ABCD Young workshop in Milan

Participants in the ABCD Young workshop pose in Milan, Italy, November 2015. Photo courtesy of Soleterre.

 

During the month of November 14th to 24th 2015, I represented JRP in ABCD young, an international advocacy and digital activism for human rights workshop organized by SOLETERRE held in Milan, Italy at Lombardia hotel. The ten day workshop was attended by 24 participants from Uganda, Ivory Coast, El Salvador, Honduras, Spain and Italy. It aimed at building the capacity of young people to develop a platform for human rights advocacy. In June 2015, JRP began working with SOLETRRE to jointly implement the project ABCD young; Young people across borders, culture and diversities with over all objectives of improving quality of youth work and to increase synergy and complementarities.

Being the 2nd workshop for the same participants, I was the only new participant and the first facilitator was such very concerned to make me fit in the group. Applying theatre skills to make a new participant join and feel at ease, the other participants were made to seat themselves in a circle and I was asked to find my way in the circle and join them. Belonging to a practical community theatre background, it took me few seconds to get in the circle as I tickled them and they had to break apart. I did that after consulting with the facilitator on whether it was culturally appropriate to tickle since we all came from various cultural backgrounds. I was then formally introduced to the old participants of the ABCD young program.

Over the workshop, four themes were discussed and these include the following.

Theatre of the oppressed: This requires investing in people’s emotion to understand their needs and to create change. Theatre approach is a tool that can be applied when dealing with a group(s) of people that requires appropriate tool to enable then participate. We learned that the oppressed group of people find it hard to get involved and participate in a given course. Therefore theatre is a tool that can make them open up. Theatre is instrumental in building trust, listening skill, responding to distress, building team, creating harmony, perseverance and agreement.

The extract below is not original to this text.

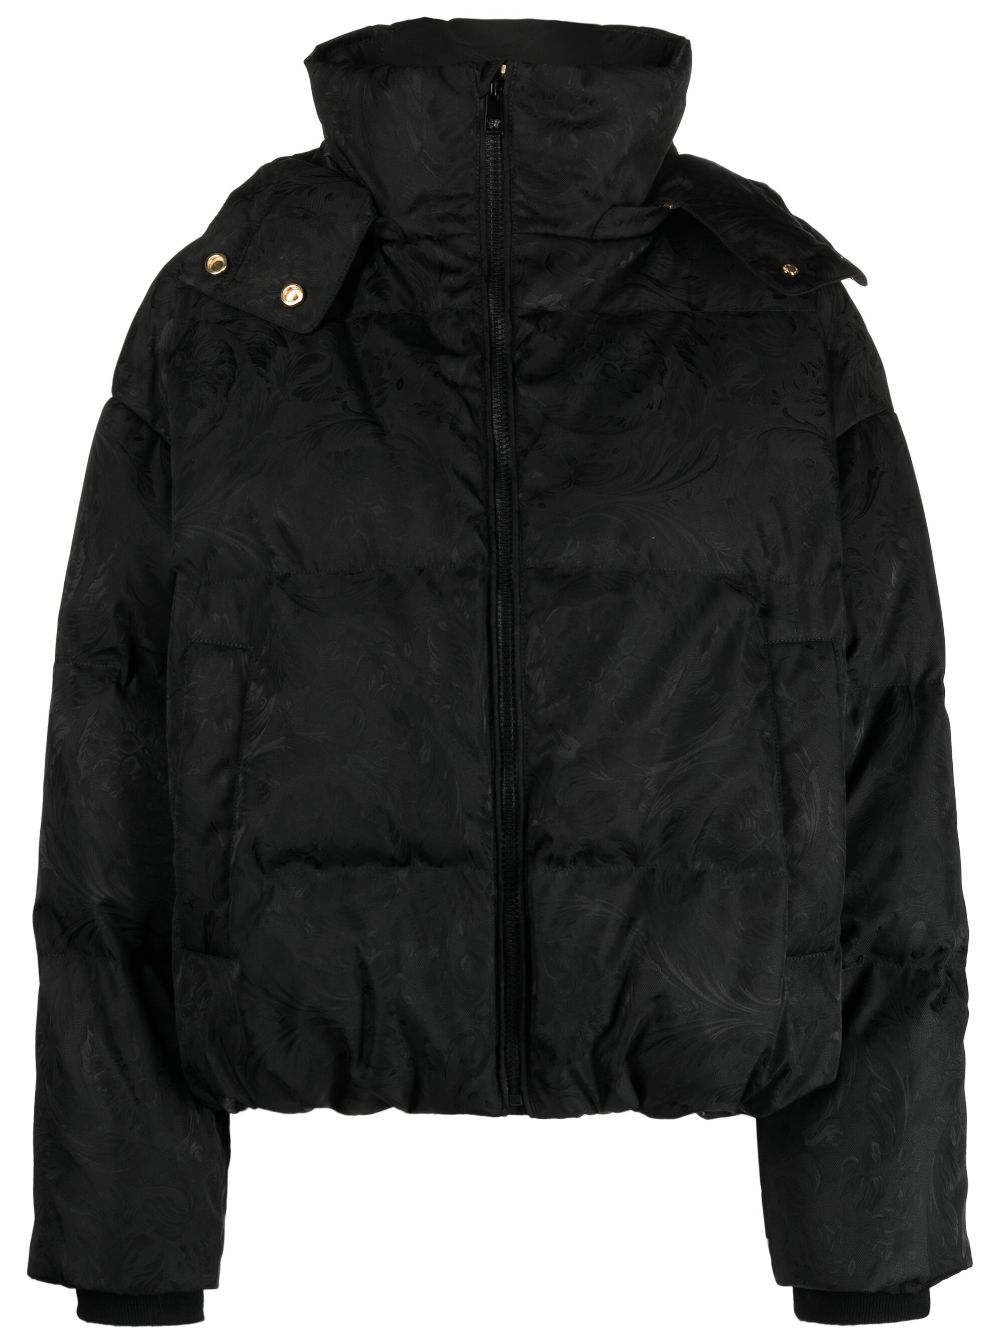 Barocco Silhouette jacquard puffer jacket

Advocacy: The facilitator guided us to agree that advocacy aims at improving the condition of the marginalized. It requires effective research and analysis, campaigning, networking and alliance and lobbying to achieve an advocacy goal. It is important to understand the stakeholders and to influence institutional program. Those with power and interest needs to be understood and engaged appropriately during advocacy process and the objectives and goal for the advocacy must be clear. To build a campaign, you need to work with others and step such as elaboration of common goal, creation of a process in a team working dimension, defining long term strategy and developing a specific role for every expertise are crucial. An institution like an NGO needs to be credible, transparent, open minded, have specific expertise, creative, have strong value, be willing to share responsibility and have networking capabilities.

The usage of photographs during advocacy: We also learnt that using photographs in advocacy keep the historical context of the event and while using photograph, the story text must be in line with the image. Photograph has the characteristic of universal language and it has immediate impact. Images are powerful in attracting people’s attention, contextualizing the setting and in summarizing the news. To make a project using photograph, you should chose/take photograph that portray human rights gaps, create a theme over the photograph and share to the public to trigger reaction for action to change the state of affair.

Digitalizing advocacy: to digitalize advocacy: The usage of social media such as face book and twitter, televisions, electronic billboards/posters and newsletter are some of the tool that can be employed to reach your target audience to buy their support to an advocacy. When using social media, the goal and objectives of the campaign should be well thought of and the medium chosen should encourage exchange of ideas between the initiator and the target pressure group: opening a face book page can allow elaborate campaign. While posting advocacy issue, sharp remarks/questions that provoke positive reaction to the campaign should be made. For the case of campaign on poor health service in health centers in a given community, question such as, “this is our routine; do you want the same for your child?” could make visitors to that site feel empathy and join the campaign with comment for change.  Use of social media should help you to make comparison with other situation by posting photograph that depicts context of human rights gaps.

As part of the workshop, we also visited a social center for supporting young minds growth and the municipality of Milan. The social center for young minds supports young people of all races in both academic and social development. In our visit to the Municipality of Milan, we interacted with the management of ‘House of Rights’ that is coordinating human rights activism in Milan. In my analysis, gender gap mainstreaming is not as much of a priority issue there as is the case of Uganda.

The workshop was participatory in nature with a lot of group work giving opportunity to share personal experiences and relating the theme to the local context of human rights abuse in our respective countries. While in the workshop, I was imagining the reparation gap for victims of conflict with medical challenges being posted in social media with their voice clips.

The workshop was closed with evaluation themed to content of the workshop, facilities, facilitators’ ability and welfare. With the knowledge gained from the workshop, participants are expected to launch a human rights campaign either as a group or on their own to denounce human rights abuse of a given nature in their respective locality. I would as well integrate knowledge and skills learnt in the workshop in our ongoing program and when developing new activity proposal.

Okwir Isaac Odiya is the team leader for Community Mobilisation at JRP.